[[ Data records open ]]

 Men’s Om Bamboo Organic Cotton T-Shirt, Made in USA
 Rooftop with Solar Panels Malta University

[[ Data records closed ]]
[[ Data records open ]]

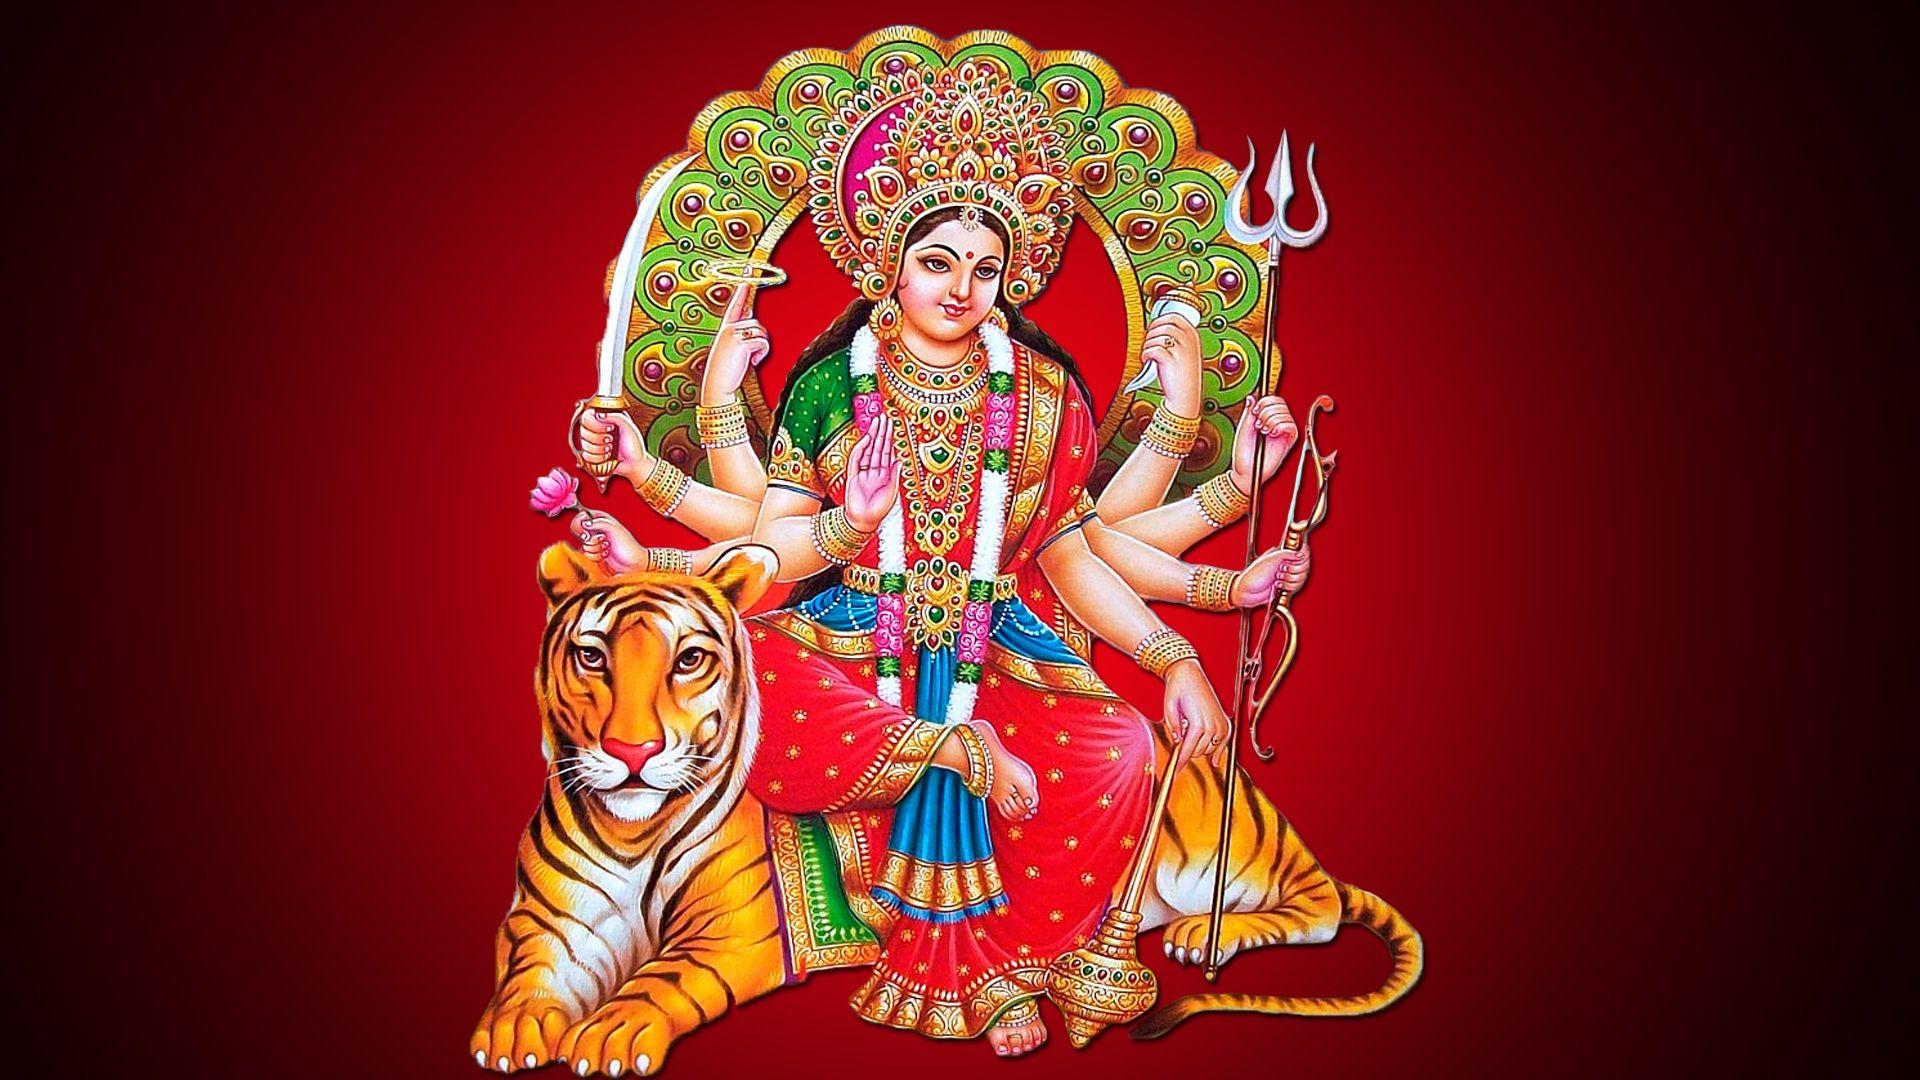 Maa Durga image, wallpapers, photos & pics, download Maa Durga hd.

[[ Data records closed ]]

* Exercise directions *
Set down, unchanged, only those lines above that fall between the line with "Men’s Om Bamboo" and the line with "Rooftop with Solar Panels Malta University", the two end lines included.

* Answer for this exercise *
 Men’s Om Bamboo Organic Cotton T-Shirt, Made in USA
 Rooftop with Solar Panels Malta University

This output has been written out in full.